4. Experimental Results for the Light Field Capturing and Reconstruction

4.1. Experiments for One-Shot 360-Degree Light Field Capturing

An optical structure for 360-degree light field capturing was implemented, as shown in Figure 8a. Two plane mirrors and one light field camera were used to compose the overall system. To align each optical component, we adjusted the positions of light field camera and the stage of the subject first. The positions of two mirrors were controlled with a linear translation stage. A simple laser pointer is utilized to adjust orientation of the mirrors. With the composition of the optical elements, the position for subjects was fixed on the stage. The stage for the subject and background of the studio were wrapped with solid color sheet, which was green color in our system.
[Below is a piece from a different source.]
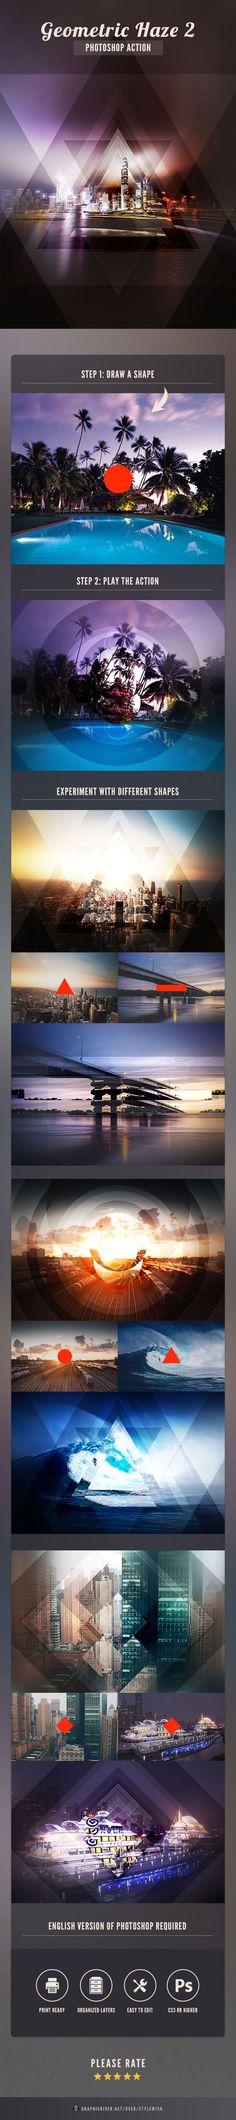 Geometric Haze 2 Photoshop Action. Download here: https://graphicriver.net/item/geometric-haze-2-photoshop-action/17279947?ref=ksioks

To remove the background data, the chroma-key technique was used. Figure 8b,c show the captured light field data and its depth map information, respectively. The background noise was removed in the raw light field and the light field was cropped to calculate accurate depth map. The resolution of processed light field was 3864 × 2681. Since the resolution of each lens image was 7 × 7, the resolutions of each sub-image and depth map were 552 × 383.

Figure 8d,e show left and center perspective images, which were digitally refocused to extract clear color information. In the comparison of Figure 8d,e, the center perspective had the higher resolution than the left and right one. The original resolutions of the center and left or right perspective were 1020 × 1020 and 510 × 510, respectively. To acquire proper refocused images, involving enough depth of field was essential, according to the size of subjects. Since the f-number of the light field was 2, which provided rather low depth of field for most of objects, we used a synthetic aperture technique whose f-number is to reduce converging rays onto sensor and increase depth of field of the synthetic image. Figure 8f shows 3D color information of red box region in Figure 8e. Triangular mesh was used to illustrate the 3D structure and the location of virtual camera for rendering was adjusted to emphasize the peak of the penguin. As to the simulation results, the color point cloud was located on virtual space in the PC environment, bound altogether, and reconstructed as 3D meshes.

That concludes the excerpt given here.